Additionally, a diverse set of transcripts called 185/333 is strongly upregulated in response to a variety of immunological challenges [27-30]. 185/333 sequences are of particular interest due to their diversity and expression patterns. Of 81 originally characterized 185/333 cDNA sequences, 67 had unique nucleotide sequences encoding 64 unique protein sequences [27]. Further analysis of expression patterns indicated that certain 185/333 sequences may be preferentially upregulated in response to particular pathogen-associated molecular patterns (PAMPs) [29]. Alignment of the transcripts required the insertion of large gaps, creating 25 blocks of sequence called elements, and an identifiable leader.

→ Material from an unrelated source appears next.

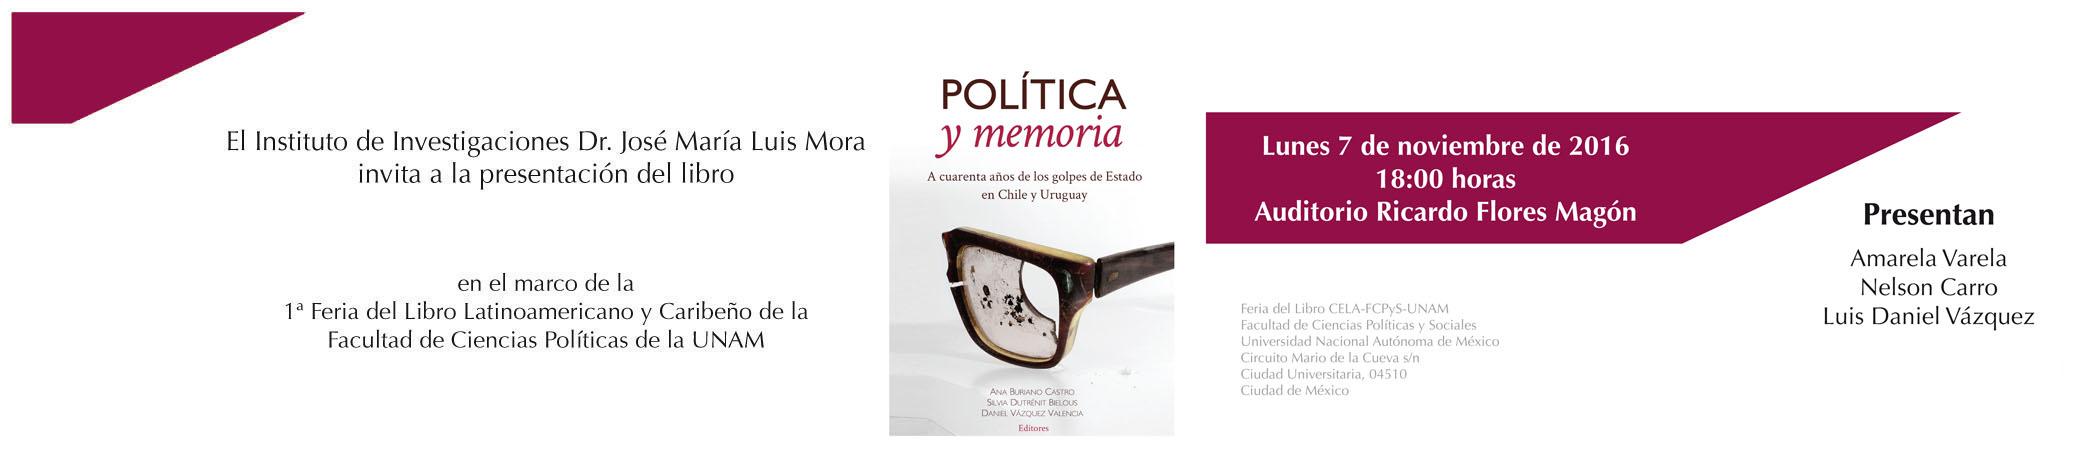 Presentación del libro Política y memoria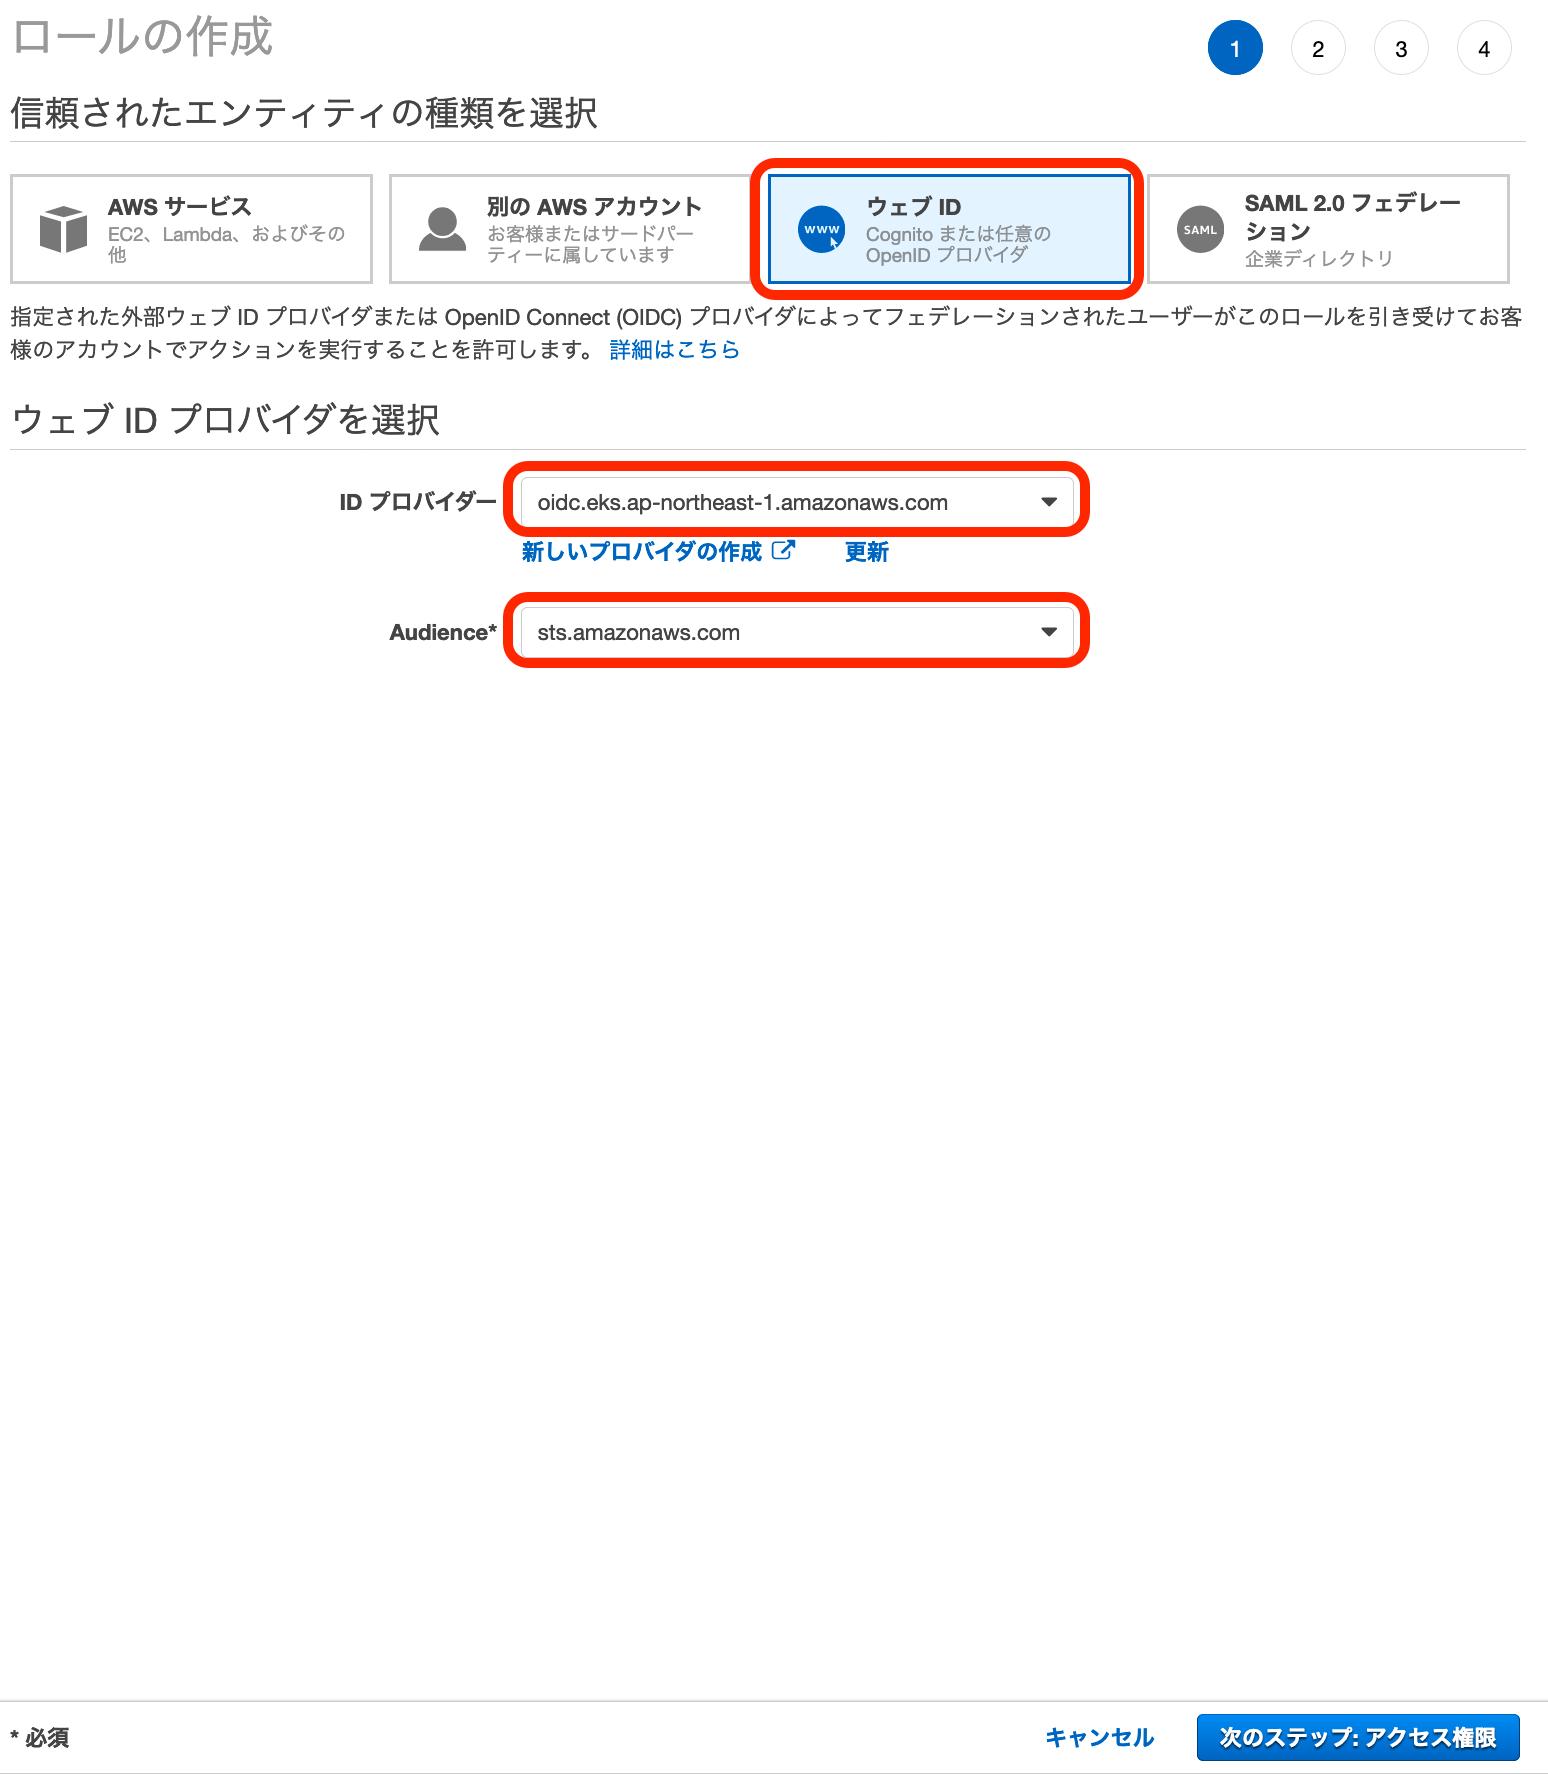 スクリーンショット 2020-03-08 18.44.36.png

The sequences also contained five types of repeats, the borders of which did not correspond to the element borders. Because individual 185/333 sequences included a variable subset of elements, their presence and absence were used to define element patterns. Specific patterns observed in numerous clones defined cDNA sets [27]. Although the mRNA structure strongly implied alternative splicing [27], two assembled 185/333 genes from an early assembly of the S. purpuratus genome indicated that, with the exception of the leader, all elements were located on a single exon [30]. Due to the substantial diversity of the mRNA and the unexpectedly simple gene structure, it was of interest to characterize the 185/333 gene family more closely.

The results presented here illustrate that the observed 185/333 transcript diversity is at least partially the result of a highly diverse family of genes present in the sea urchin genome. Previous studies suggest that there are about 100 different 185/333 alleles per sea urchin [30]. The diversity of 185/333 is illustrated by the fact that 71% of 171 cloned and sequenced genes were unique, and from these, 33 element patterns were identified, about half of which were newly described. From this and previous studies [27,29,30], a total of 51 element patterns are now known from 16 S. purpuratus individuals. We also show that the closely linked genes are flanked by short repeats, which may facilitate diversification through gene conversion, recombination, or meiotic mispairing. Overall the data show that the 185/333 gene family represents a new example of molecular diversity among invertebrate immune systems.

Results

The 185/333 genes are variable in size

Searches of the initial assembly of the S. purpuratus genome (assembly 09/22/03; http://hgsc.bcm.tmc.edu/projects/seaurchin webcite) identified two 185/333 genes, which were small (<2 kb) [30]. It was therefore feasible to analyze entire genes amplified by PCR from genomic DNA (gDNA) using primers flanking the 185/333 coding region (185-5'UTR and 185-3'UTR; Table 1). Analysis of the 185/333 genes using PCR revealed five major sizes of genes ranging from 1.2 to 2.0 kb. A representative result from one of six sea urchins is shown in Figure 1A. Amplicons derived from three different sea urchins were cloned and sequenced. In total, 171 genes were cloned and sequenced from gDNA: 87 genes from animal 2 coelomocytes, 34 genes from animal 4 coelomocytes, and 50 genes from animal 10 sperm. Clones with identical nucleotide sequence were assumed to be derived from the same gene and omitted from further analysis. In total, 121 unique genes were identified: 53 from animal 2, 30 from animal 4, and 38 from animal 10. The genes ranged in size from 1206 to 1894 nucleotides (nt) (Figure 1A; Additional file 1). The structure of all cloned genes was consistent with previous data [30] and had two exons separated by a small intron. The first exon was short (51 or 54 nt) and encoded the leader, whereas the much longer second exon (771–1431 nt) encoded the remainder of the open reading frame (ORF). The intron ranged in size from 380 to 413 nt (average = 407 nt). Although a minor band of ~4 kb was also observed, no genes larger than 2 kb were cloned. Therefore, the structures of these putative genes are unknown.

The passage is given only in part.